== Records to use ==

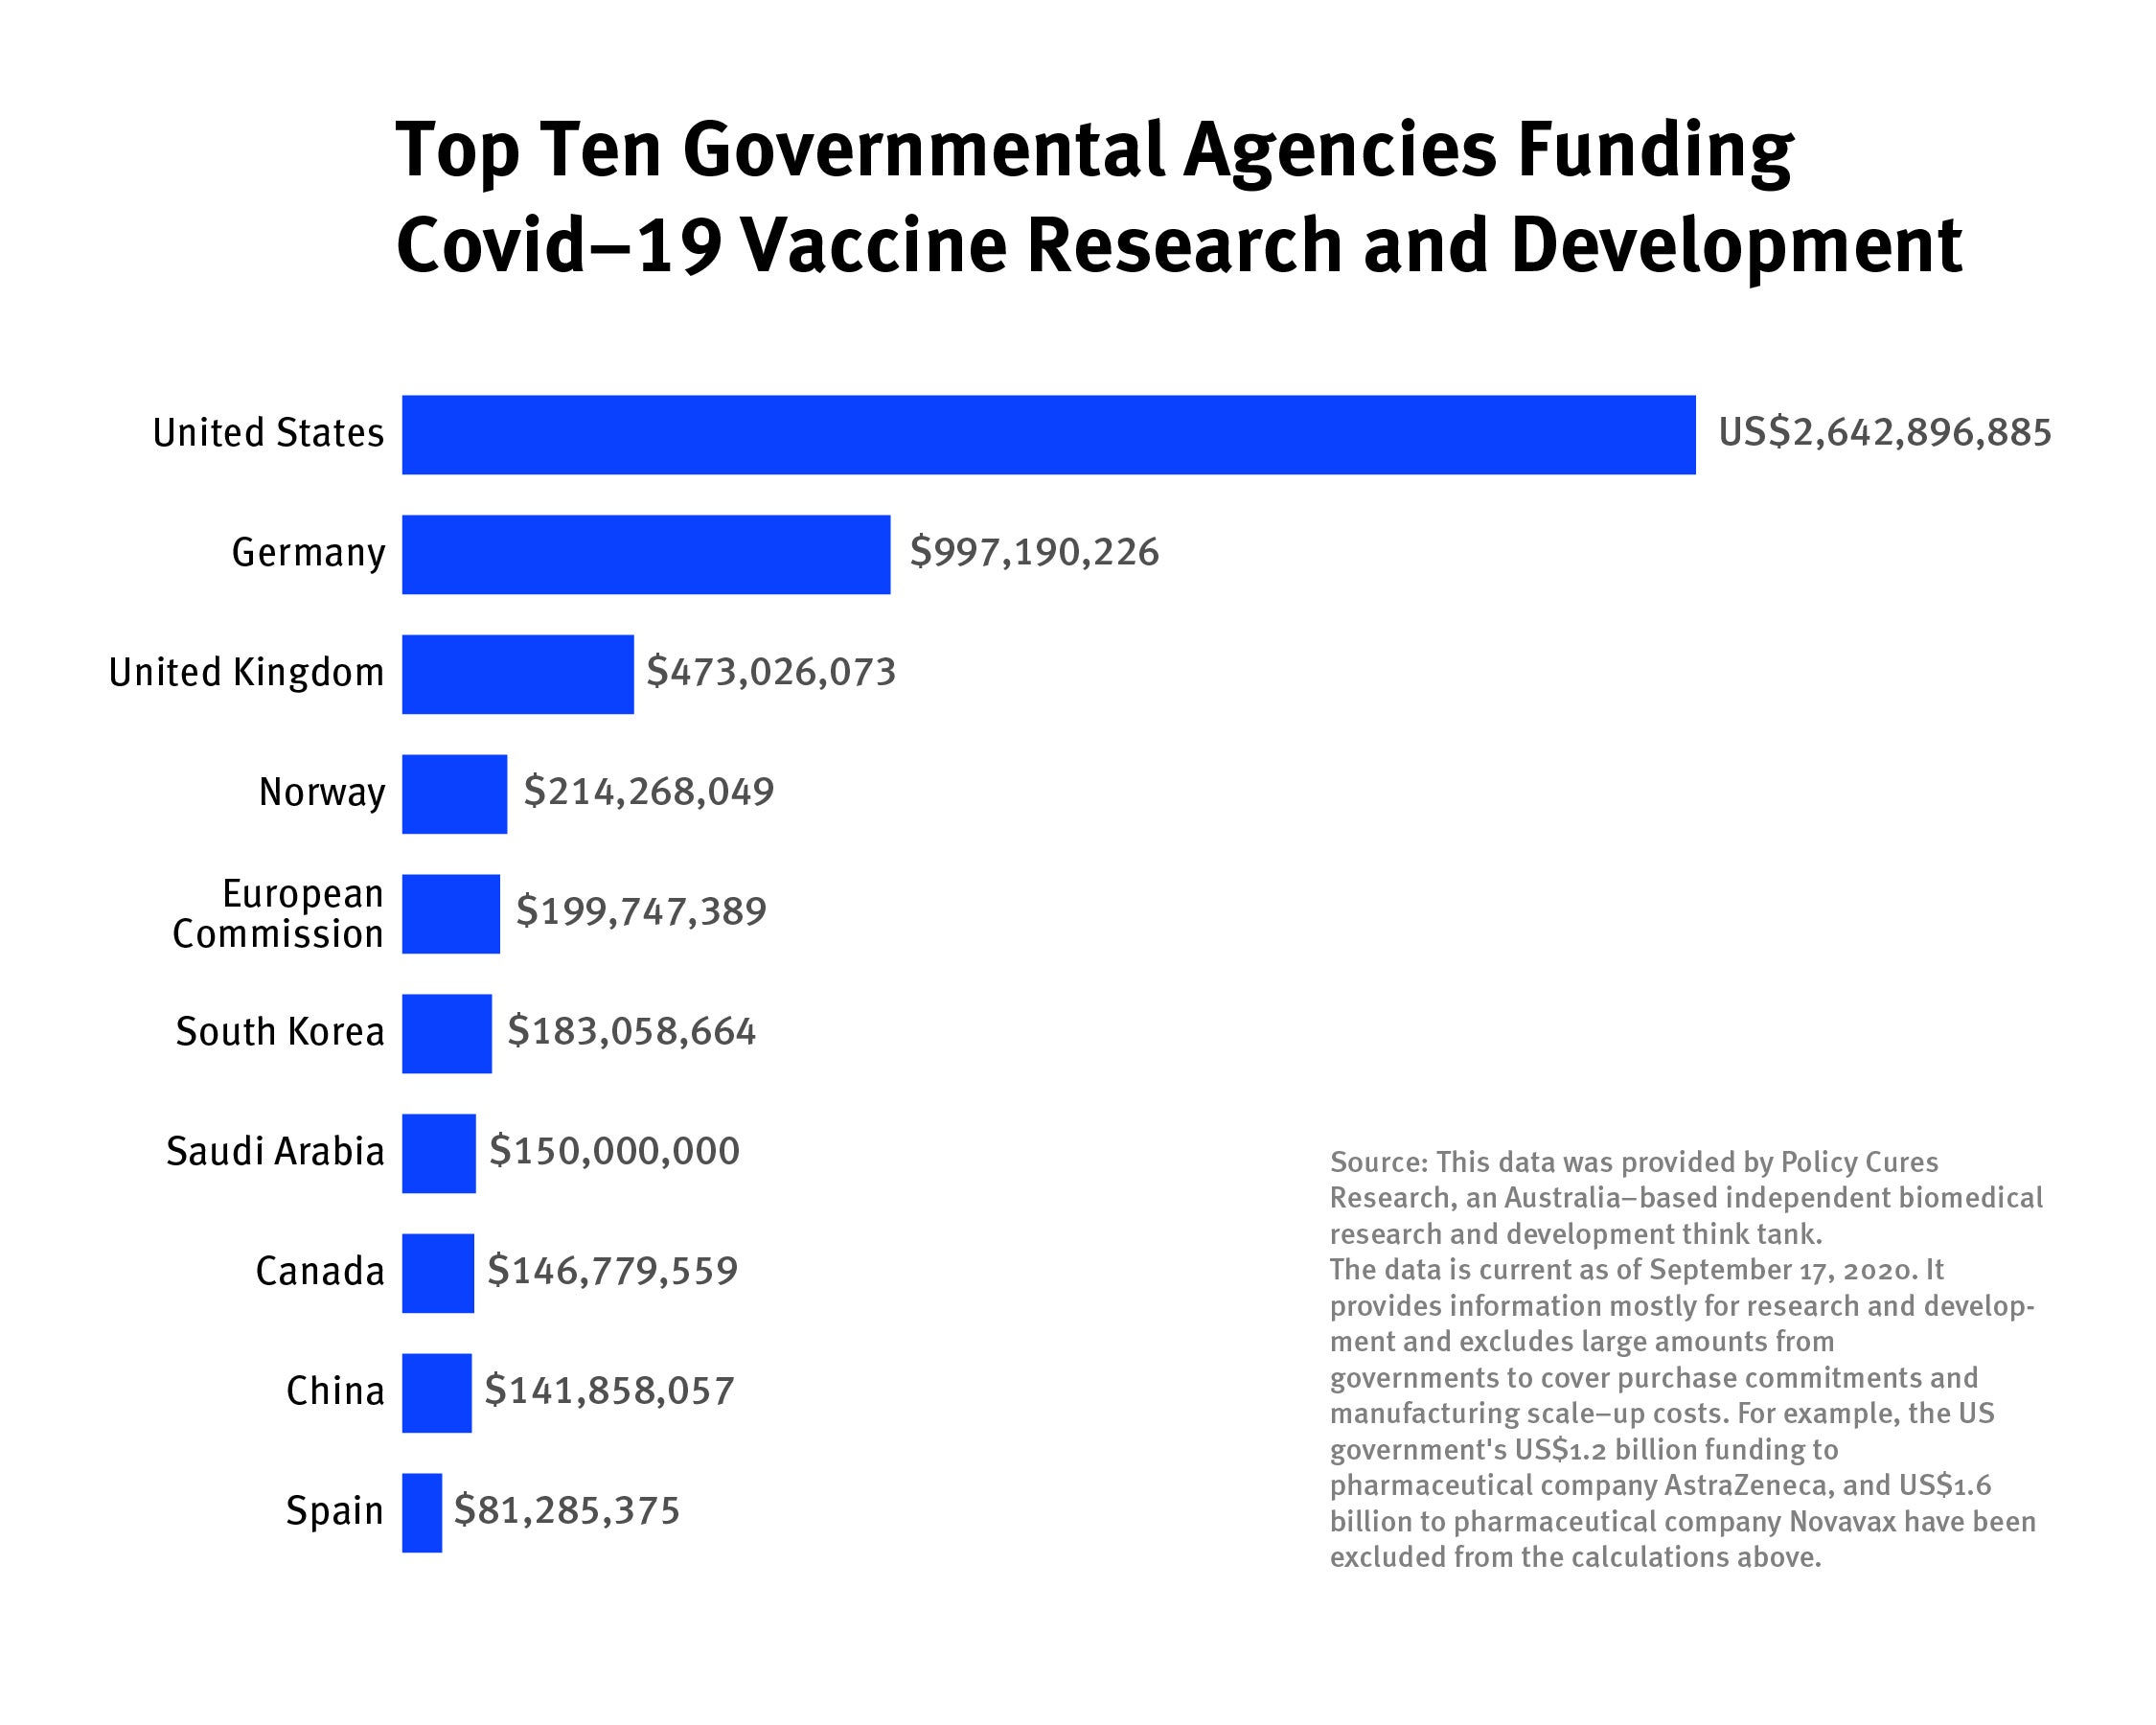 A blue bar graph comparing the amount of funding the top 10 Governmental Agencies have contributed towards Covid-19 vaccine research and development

===
== Records to use ==

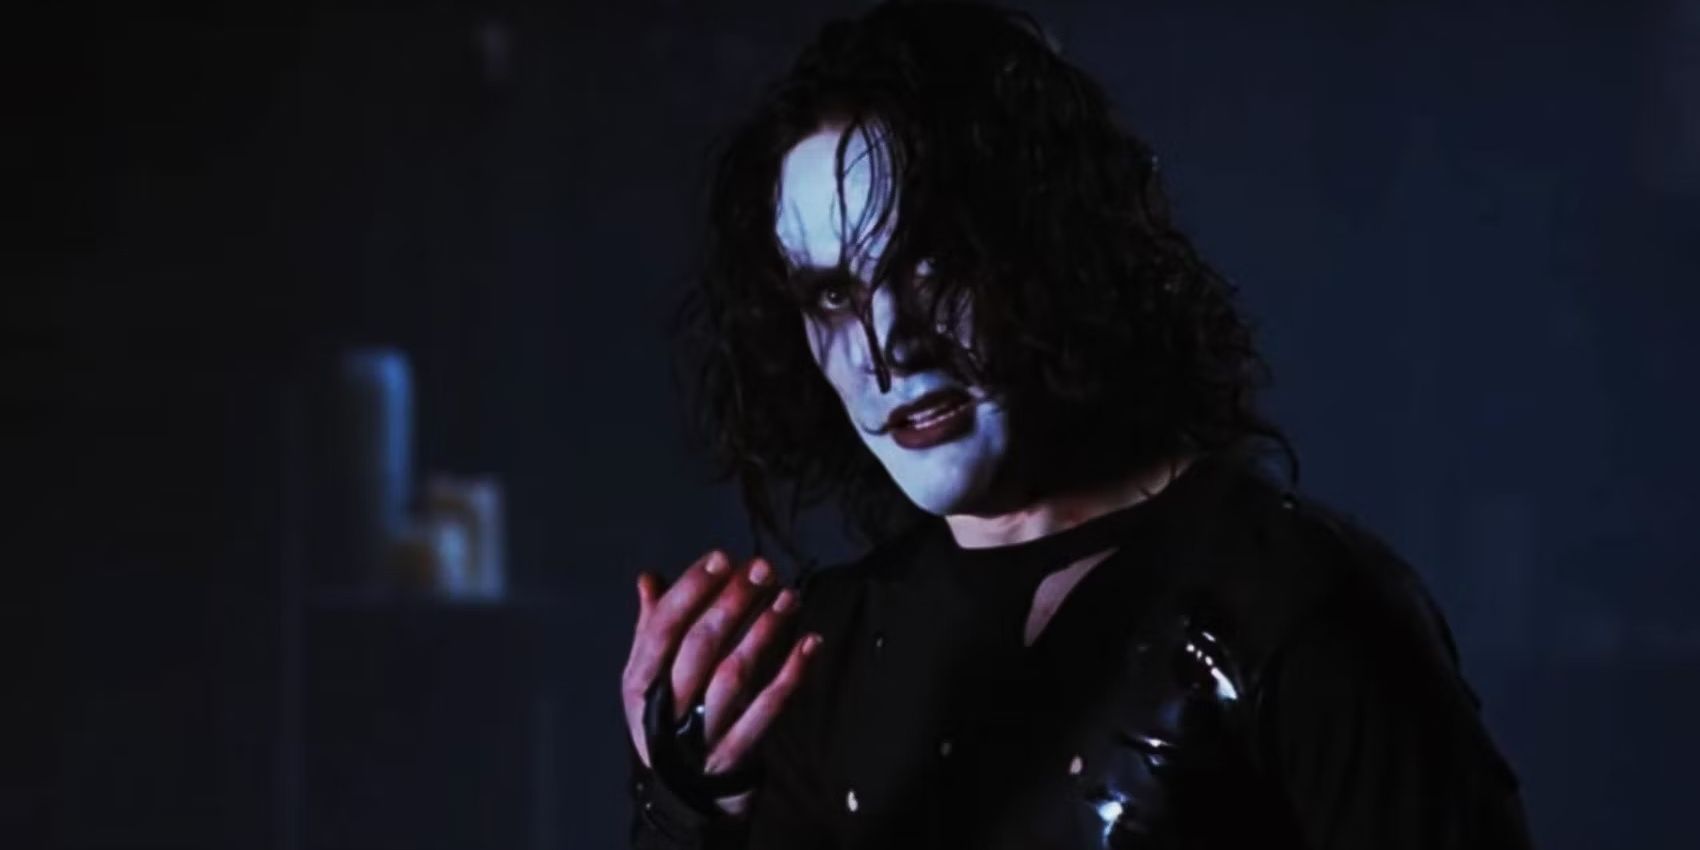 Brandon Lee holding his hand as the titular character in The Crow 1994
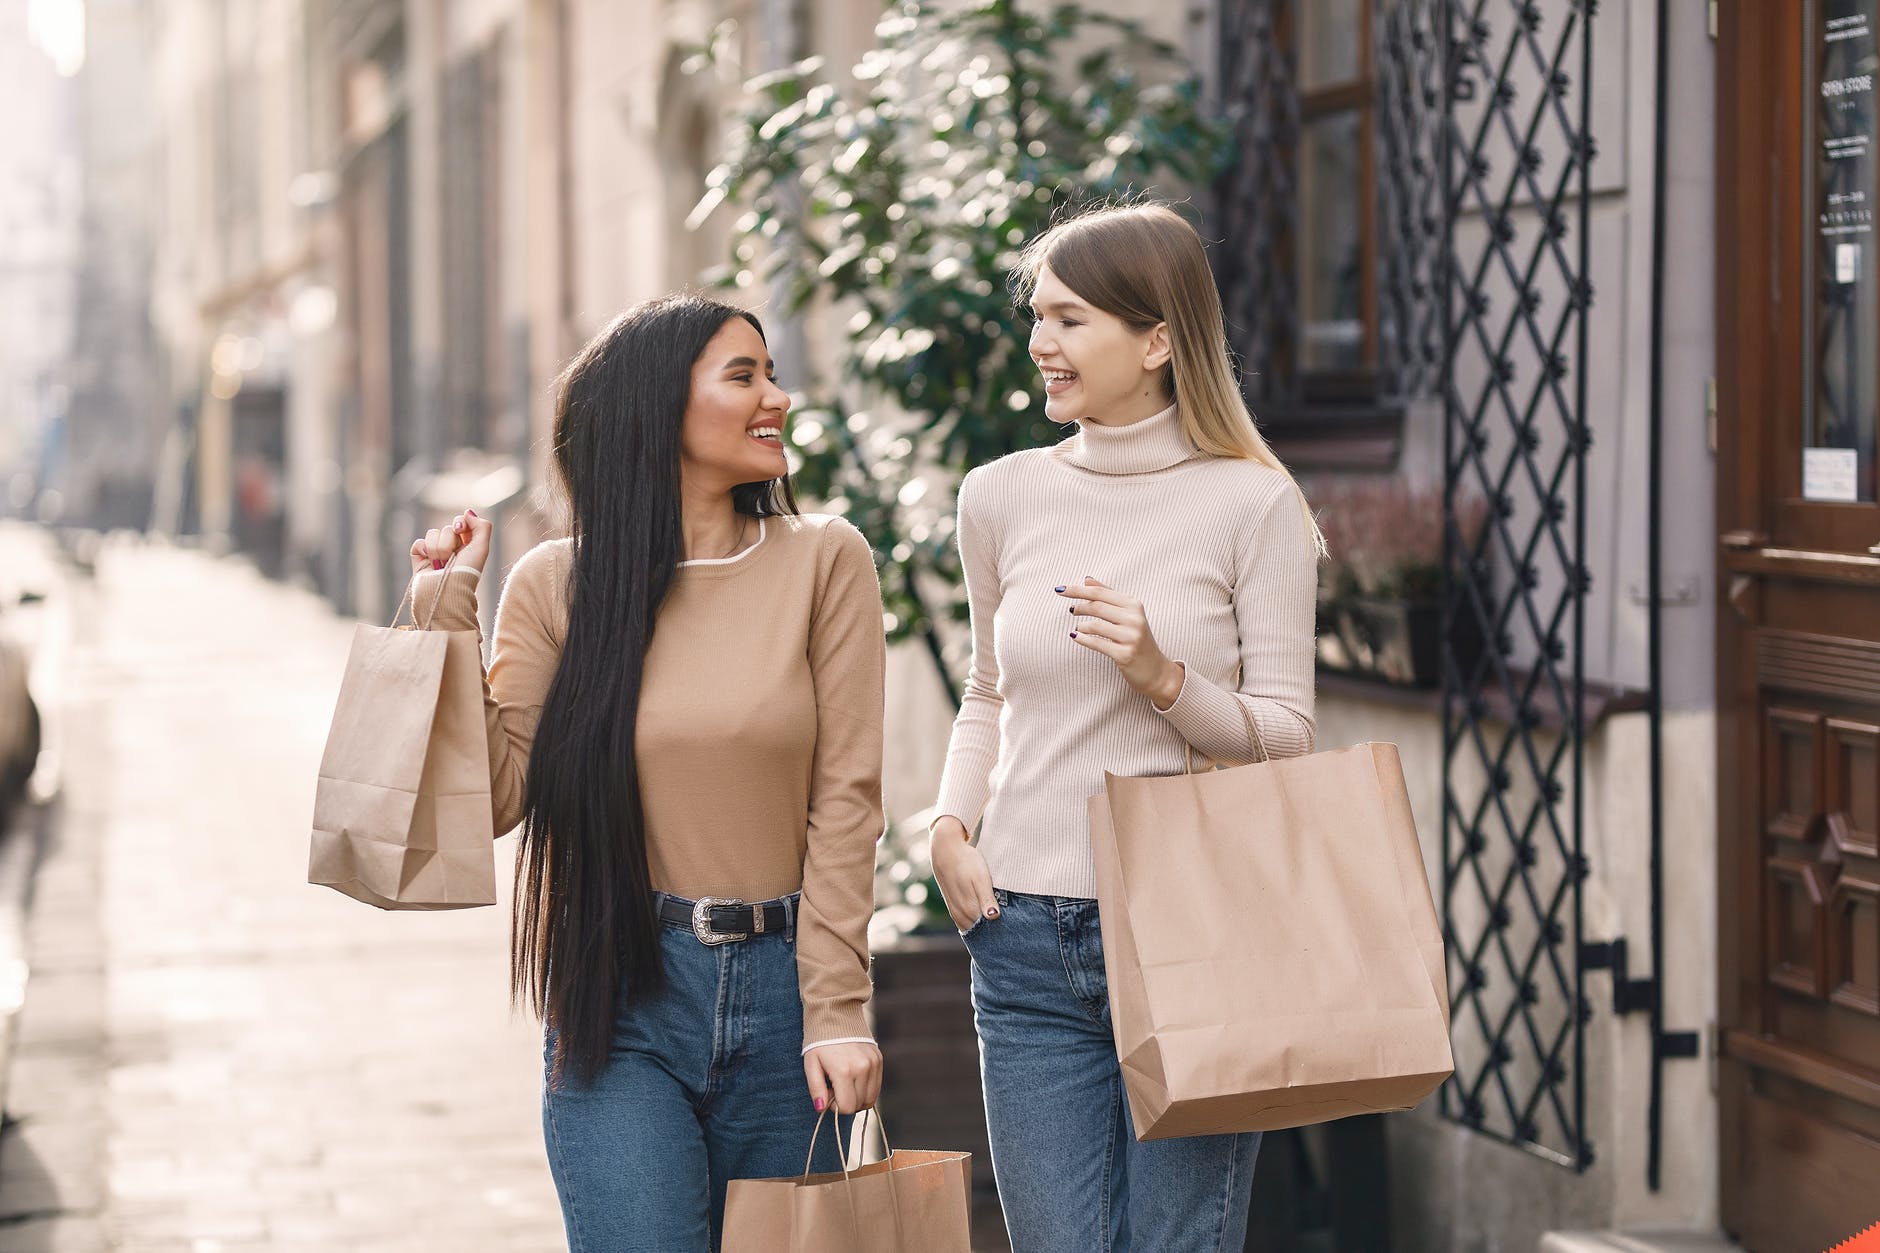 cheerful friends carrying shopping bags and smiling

===

(Problem to solve):
Look back over the records above. Reproduce exactly everything from the line with "Brandon Lee holding" down to the line with "cheerful friends carrying", inclusive, and leave the pictures out.

(Output of the exercise):
 Brandon Lee holding his hand as the titular character in The Crow 1994
 cheerful friends carrying shopping bags and smiling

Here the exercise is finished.